Unfortunately, since it doesn't do any checking, it only works if the mounted-on path is
specified exactly as it was at mount time (and is stored in mnt_stat.f_mntonname).

Test Plan

It has been tested on mount points when the NFS server is network partitioned, including cases
where a "df" or "umount" without "-f" is hung on the mount.

Diff Detail

Repository
rS FreeBSD src repository - subversion
Lint
Lint Not Applicable
Unit
Tests Not Applicable

Event Timeline

sys/fs/nfsclient/nfs_clport.c
1399 ↗(On Diff #31206)

I believe this is unsafe. Other, possibly stuck, unmount process might be active in parallel. In particular, the MNTK_UNMOUNTF flag might be already set. More, the parallel unmount might be unstuck, in which case newnfs_nmcancelreqs() might operate on freed memory since mnt_data is released.

Traditionally, we weed out other unmounts by vfs_busy(9). I understand that using vfs_busy(9) there would contradict the goal of the patch, but what you do is dangerous.

I'm not sure if I see exactly why setting MNTK_UNMOUNTF was unsafe, but I believe you and
will note it was a layering violation. I do believe there was a race between a stuck "umount"
that might continue when a network partition heals and the "umount -N" kernel code, which
assumed that mnt_data would remain valid.

This patch defines a new NFS specific flag NFSMNTP_FORCEDISM, which it sets instead of
MNTK_UNMOUNTF. I also added a handshake between nfs_unmount (VFS_UNMOUNT() for NFS)
and the NFSSVC_FORCEDISM code, so that the mnt_data will remain valid.
(Depending on which code sequence wins the race, the flag NFSMNTP_CANCELRPCS gets set
until the NFSSVC_FORCEDISM code completes and nfs_unmount() waits for that
OR mnt_data is NULL and the NFSSVC_FORCEDISM code does nothing.)

Unfortunately, the patch got a lot bigger, since there are a lot of places it checked
MNTK_UNMOUNTF and that check now needs to also check NFSMNTP_FORCEDISM.

This patch defines a new NFS specific flag NFSMNTP_FORCEDISM, which it sets instead of
MNTK_UNMOUNTF. I also added a handshake between nfs_unmount (VFS_UNMOUNT() for NFS)
and the NFSSVC_FORCEDISM code, so that the mnt_data will remain valid.
(Depending on which code sequence wins the race, the flag NFSMNTP_CANCELRPCS gets set
until the NFSSVC_FORCEDISM code completes and nfs_unmount() waits for that
OR mnt_data is NULL and the NFSSVC_FORCEDISM code does nothing.)

Perhaps.
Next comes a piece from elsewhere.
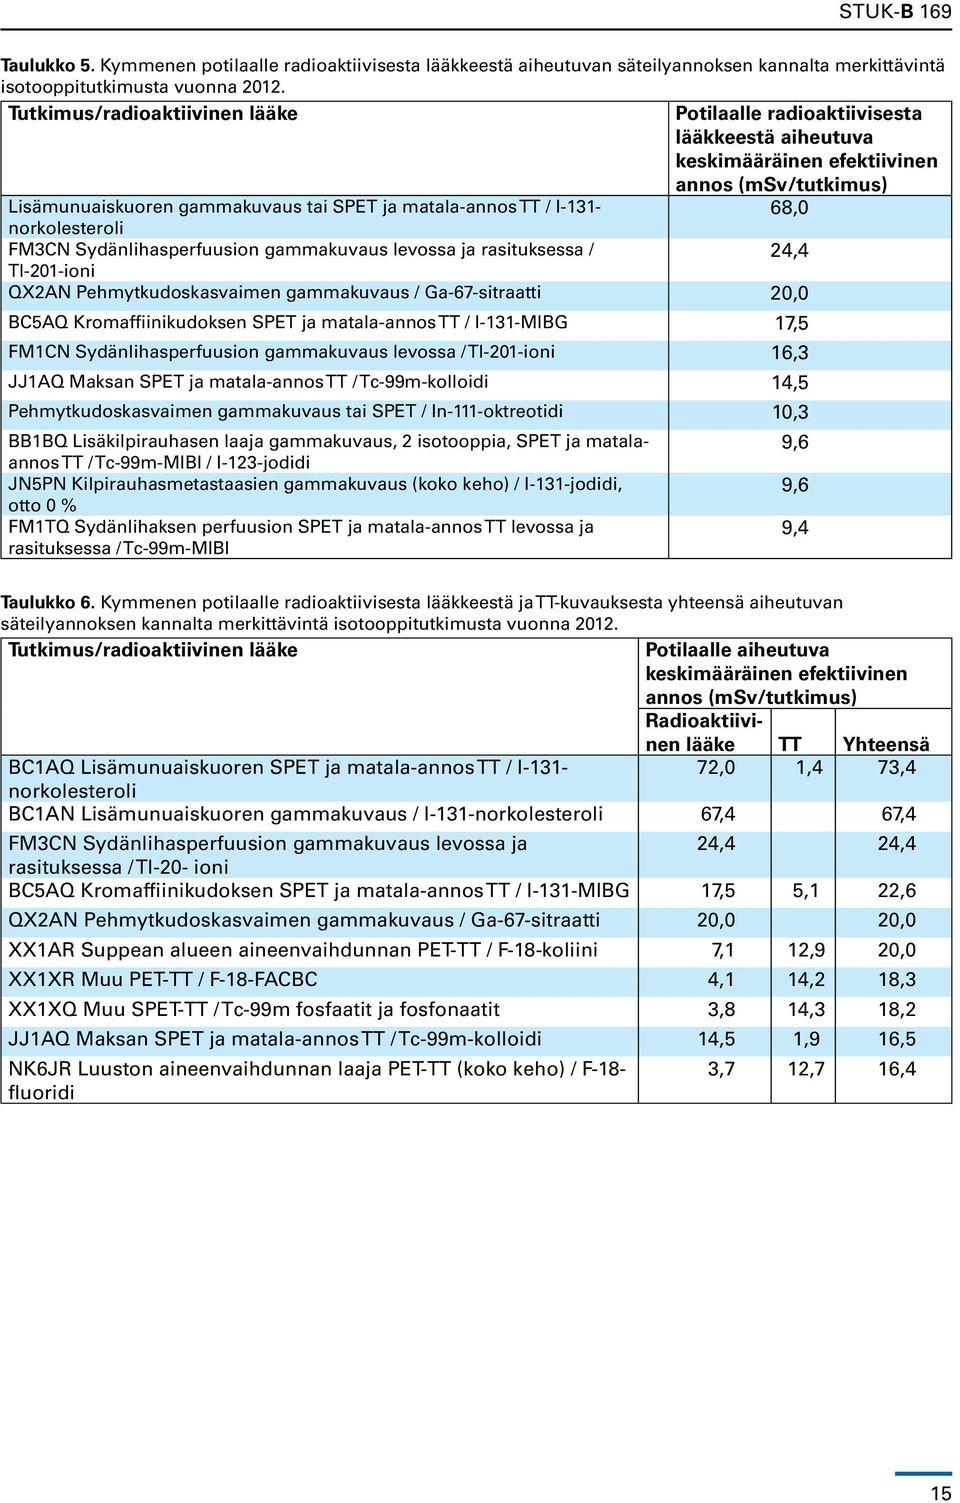 I-131-68,0 norkolesteroli FM3CN Sydänlihasperfuusion gammakuvaus levossa ja rasituksessa / 24,4 Tl-201-ioni QX2AN Pehmytkudoskasvaimen gammakuvaus / Ga-67-sitraatti 20,0 BC5AQ Kromaffiinikudoksen
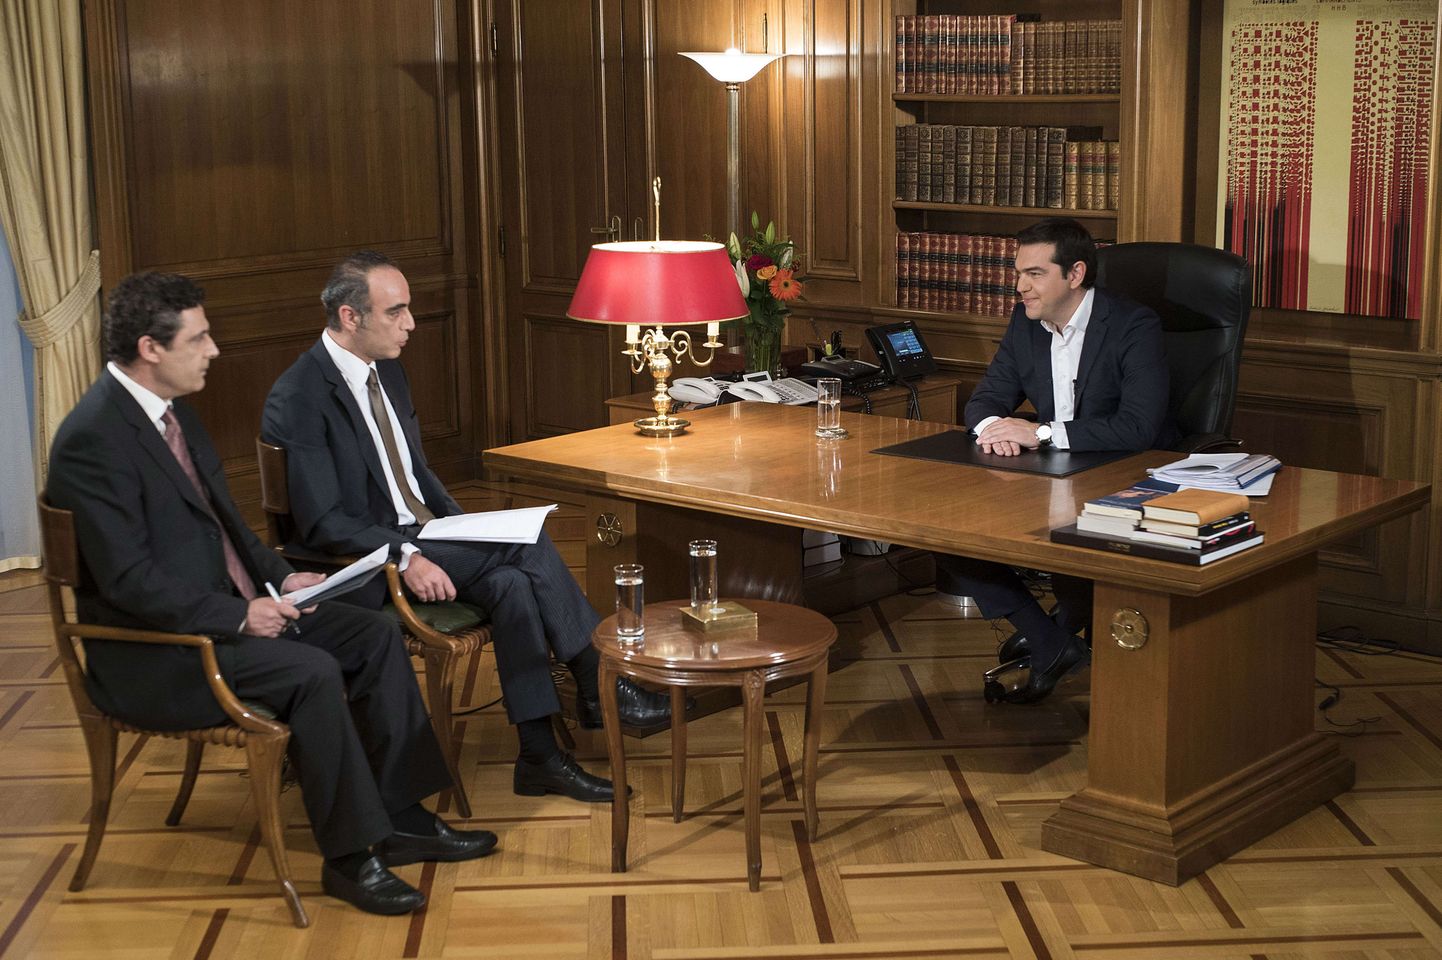 Kreeka peaminister Alexis Tsipras ajakirjanike küsimustele vastamas.

This sounds feasible. I suggest to ask Peter Holm to test the new code for races with the forced unmount.

sys/fs/nfs/nfs_commonkrpc.c
514 ↗(On Diff #31233)

You might define some macro like NFSMNT_UNMOUNTF(nmp) which would incapsulate the flag checks, I even suggest to commit a version which only checks the MNTK_UNMOUNTF for now, in advance. Then the patch for review shrinks back to the original size.

sys/fs/nfsclient/nfs_clvfsops.c
1724 ↗(On Diff #31233)

Do not use PZERO, use either 0 or perhaps PVFS.

As suggested by kib@, I committed a patch that replaces the checks for MNTK_UNMOUNTF
with a macro called NFSCL_FORCEDISM(). As such, this patch shrinks back to about the original
size.
Other than changing PZERO->PVFS, the semantics are the same as the previous one.
(I will be contacting Peter Holms w.r.t. testing.)

Peter Holm has done some testing of umounts and has not found a problem.
(Kostik, can I consider this patch reviewed by you now?)

This revision is now accepted and ready to land.Jul 29 2017, 9:12 AM
This revision was automatically updated to reflect the committed changes.